Members donated more than $10,000 during the Foundation’s annual luncheon to the endowment fund. The goal of the endowment fund is to reach $2 million in donations by December 31, 2019. TRTF is asking all members of TRTA to consider making a one-time donation of $30 to help the fund reach its $2,000,000 goal. Donations may be made online here or via snail mail by sending a check to TRTF, Attn: Endowment Fund, 313 E. 12th Street Suite 220, Austin, TX 78701.

TRTF also announced the creation of a new “Beginning Teacher” Scholarship, which will benefit recent college graduates pursuing a career in education in Texas by helping them pay for certification tests and supplies to set up their first classroom. This year’s Classroom Assistance Grants for public school teachers and Student Scholarships for graduating high school seniors were also announced. Read about the recipients here.

The TRTA House of Delegates, retirees representing the organization’s 257 affiliated local units, conducted association business on April 12. Members elected the following individuals to serve as officers of the state organization for the 2016-2018 term: Nancy Byler, President; Patricia Macias, First Vice-President; Leroy DeHaven, Second Vice-President; and Marcy Cann, Secretary/Treasurer. Members also voted positively on several bylaws amendments, including one that will allow the state Historian to become a voting member of the TRTA Board of Directors.

North San Antonio RTA member Carlos Ortiz was honored during the TRTA Awards Banquet with the prestigious E.L. Galyean Award for his many years of service. Mr. Ortiz has served in many capacities at the local unit, district and state level, including as a member of the TRTA State Legislative Committee and TRTF Board of Trustees.


Carlos Ortiz receives his E.L. Galyean Award
from TRTA President Fran Plemmons.

District 14 won awards for the highest percentage of membership gain, as well as highest total membership gain. Hamilton County ARTSP won the local unit award for the highest percentage of membership gain, and Abilene RTA won the local unit award for the highest total membership gain.

TRTA President Fran Plemmons was also honored with a special gift as she completes her term leading the organization.
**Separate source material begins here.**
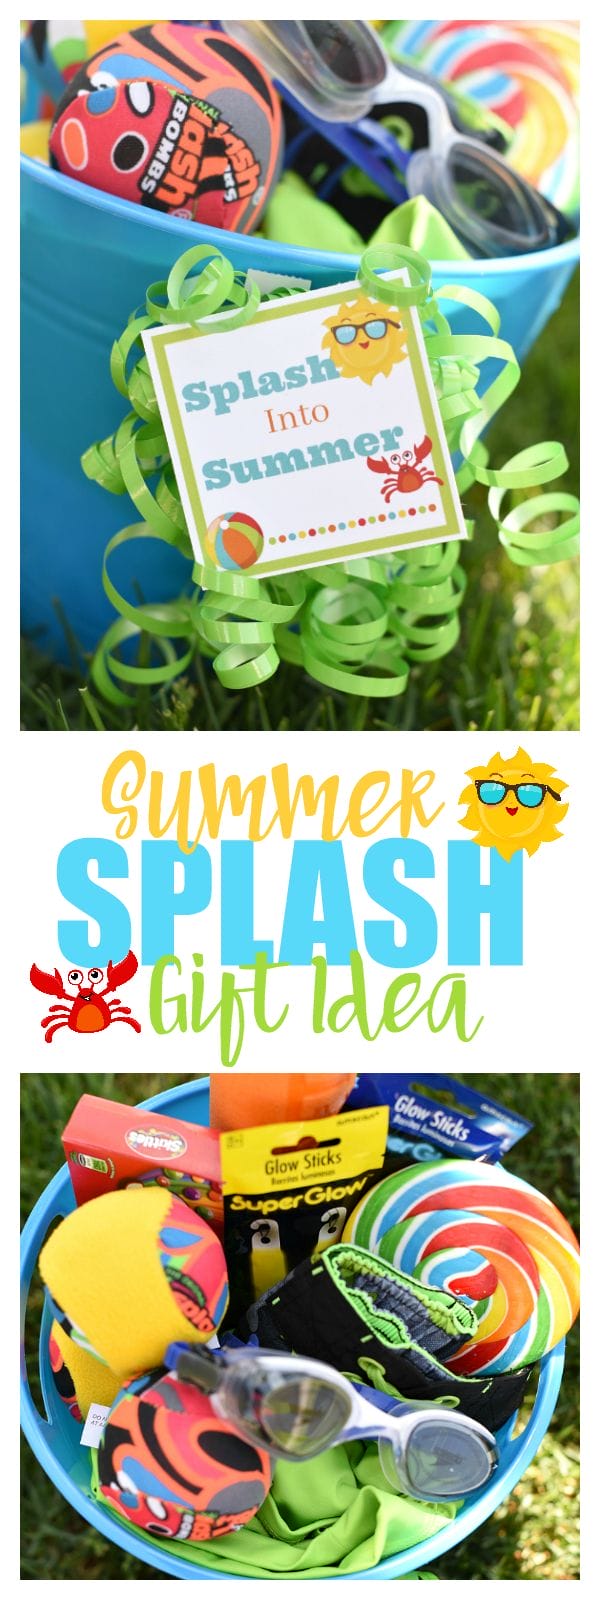 How fun is this Splash into Summer Gift Idea. Love this for the last day of school or a summer birthday gift.

Under her leadership, TRTA’s membership has grown to over 80,000. Fran also created the President’s Diamond Award, which was presented for this first time during this year’s convention. The $1,500 award was presented to the Goliad County RSP for their advances in membership growth utilizing the TRTA Diamond Plus program.

About 800 attendees enjoyed a Legislative Luncheon, with the opportunity to hear from Teacher Retirement System of Texas (TRS) Executive Director Brian Guthrie, and State Senators Joan Huffman and John Whitmire. The panel, led by TRTA Executive Director Tim Lee, enlightened the crowd about the problems plaguing the TRS-Care retiree health insurance program, potential solutions and state budget concerns.

TRTA appreciates the hard work of District 4 volunteers and the Leadership Training Committee members, all of whom worked non-stop to make the 63rd annual convention a great success!

Thank You

Convention is a great platform for learning and growing as an organization. For local unit committee chairmen and members, be sure to check out all of the convention resource guides now available on the TRTA website!

Next year’s convention will be held in Austin, and will include a TRTA Day at the Capitol event. As Senator John Whitmire stated numerous times during the legislative luncheon, our members must be engaged! Mark your calendars now for March 27-29, 2017, and plan to be the loudest, most unified voice at the Texas Capitol during the 84th Legislative Session.